Nicaraguan-Costa Rican Doctor Moved to House Arrest

Yerri Estrada during when presented to pro-government media after his abduction. Photo: Ministry of the Interior

By Confidencial

HAVANA TIMES – The dictatorship of Daniel Ortega and Rosario Murillo secretly released the young Costa Rican-Nicaraguan doctor Yerri Estrada — who had been in “forced disappearance” for three months — and placed him under house arrest, the Legal Defense Unit (UDJ) confirmed to CONFIDENCIAL.

“The last person (transferred to house arrest) that we know of is Yerri. We have no information about any others, and we don’t know what will happen. Hopefully, more people will be released — that’s what we want,” said Claudia Pineda, director of the UDJ.

According to Pineda, the families of those released to house arrest have been threatened so that they remain silent and do not speak about the conditions of the release. “The information hasn’t necessarily come from the family, because the families have also been threatened that if anything ‘leaks,’ so to speak, there will be consequences,” Pineda said.

The young doctor was detained on August 13, 2025, and remained in a condition of “forced disappearance” until September 12, when he was presented before state propaganda media. Estrada was sent to house arrest at his home in León. However, he must report daily to sign in at the police station.

“In the end, it has been confirmed that all those people who have been released and are under a control regime. Some have permission to move around, others do not, and all must report to the police stations assigned to them,” Pineda explained.

The regime began these silent releases on November 7, 2025, when it sent another five political prisoners home without publicly explaining the terms of their release or the restrictions imposed.

The first to be released were:

  • Leo Catalino Cárcamo Herrera, 62, originally from León.
  • Julio Antonio Quintana Carvajal, 67, also from León.
  • Fabio Alberto Cáceres Larios, 65, from Chinandega.
  • Ronald Leiva Silva, from Matagalpa.
  • Jorge Danilo Portocarrero Argüello, from Jinotepe.

Release After His Mother’s Plea

Rosa Ruiz, the mother of the 30-year-old doctor, had denounced on the program Esta Semana, broadcast on CONFIDENCIAL’s YouTube channel, that her son had been tortured — but she had no way of knowing his current situation in prison.

She also explained that her other two children, Maura Estrada and a 14-year-old minor, along with a granddaughter just five years old, are now “forcibly displaced.” They were forced to leave their home after enduring threats, intimidation, and harassment by police and civilian supporters of the Sandinista regime.

On November 13, 2025, Ruiz demanded that the Ortega regime hand over her son to the Costa Rican Embassy or the U.S. Embassy in Managua. “He hasn’t committed any crime. He is a clean, honest person — the only thing he did was go out in 2018 to help the injured and elderly people who were beaten by paramilitaries and Sandinista Youth mobs,” his mother said.
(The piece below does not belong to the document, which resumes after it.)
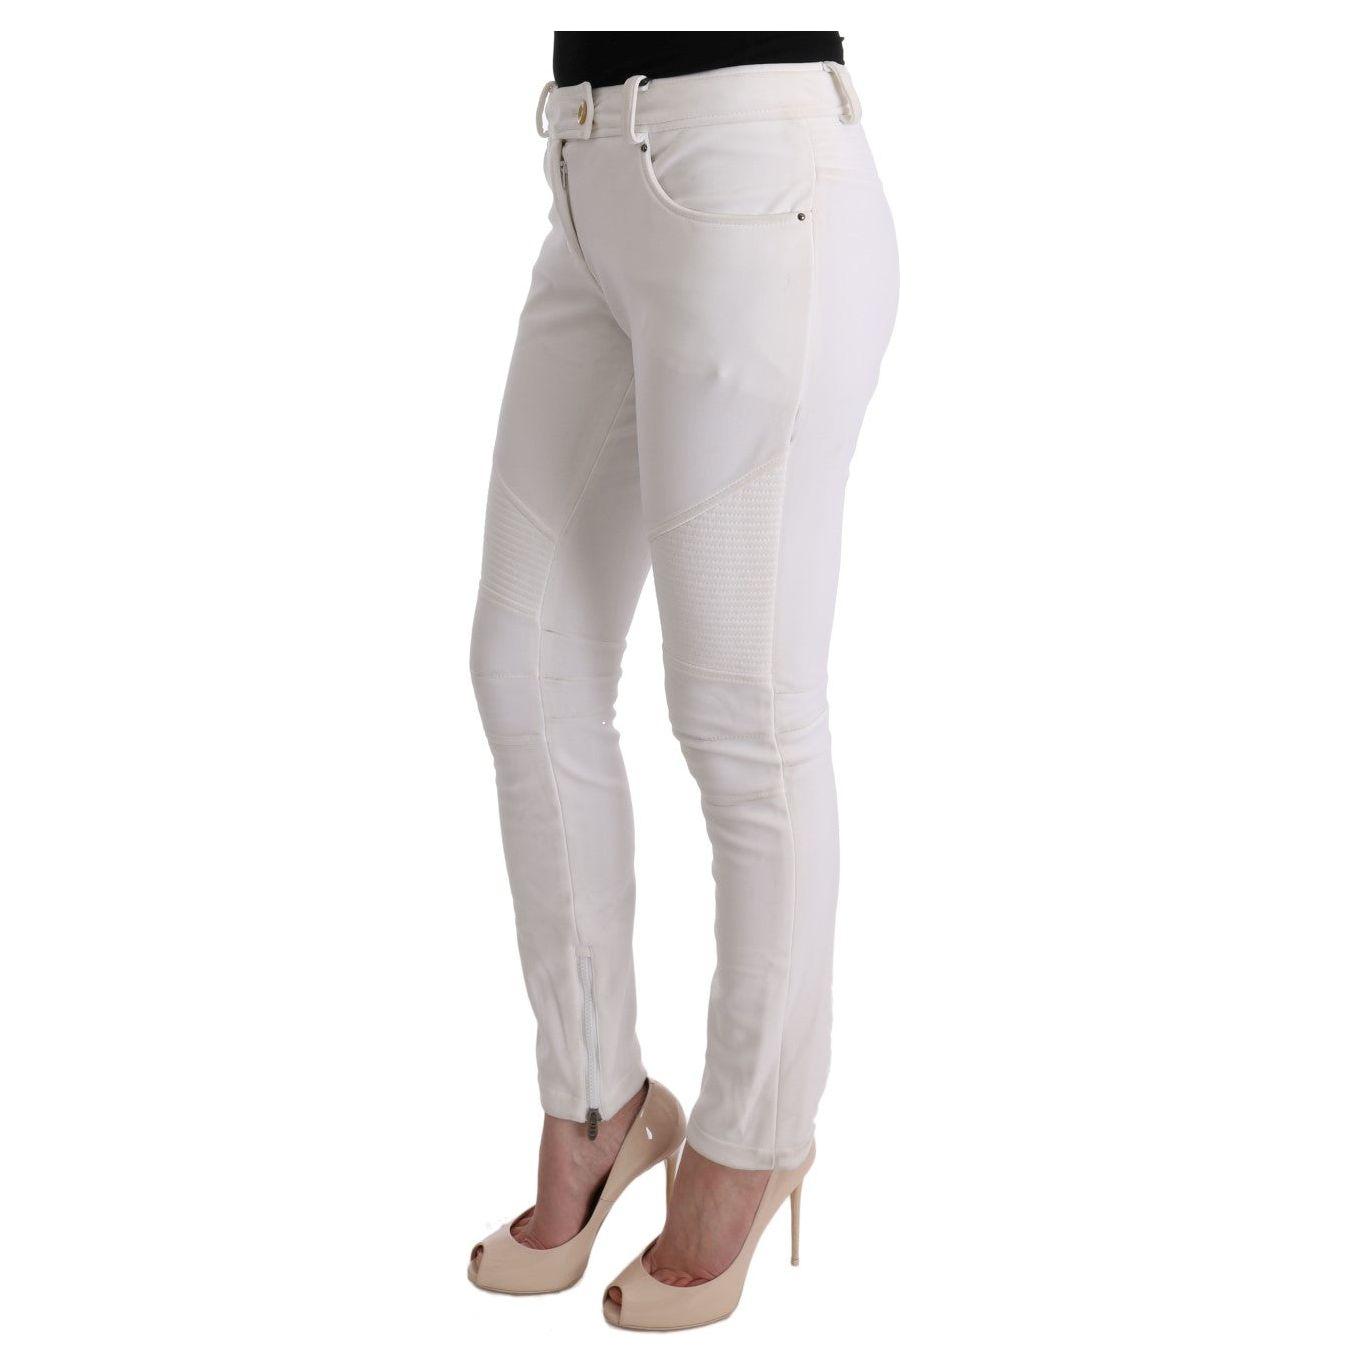 Ermanno Scervino Chic White Slim Fit Cotton Pants white-cotton-slim-fit-casual-pants-1 449212-white-cotton-slim-fit-casual-pants-2-1.jpg

In September 2025, the US State Department demanded that the dictatorship reveal the whereabouts of the young Costa Rican-Nicaraguan and requested proof of life. According to Pineda, the sustained “campaign” by the US government may be “one of the reasons” for the recent releases.

“That might be one of the reasons — that there is pressure from the State Department. Another, which may also be part of the explanation, is the health condition of the detainees. Some of those released are elderly people with health problems,” Pineda noted.

As of October 29, 2025, the Mechanism for the Recognition of Political Prisoners had identified 77 people imprisoned, more than half of them in forced disappearance. On November 11, 2025, the dictatorship displayed journalist Fabiola Tercero, who had been missing for more than a year; however, her case is “more complicated” due to the lack of information, Pineda concluded.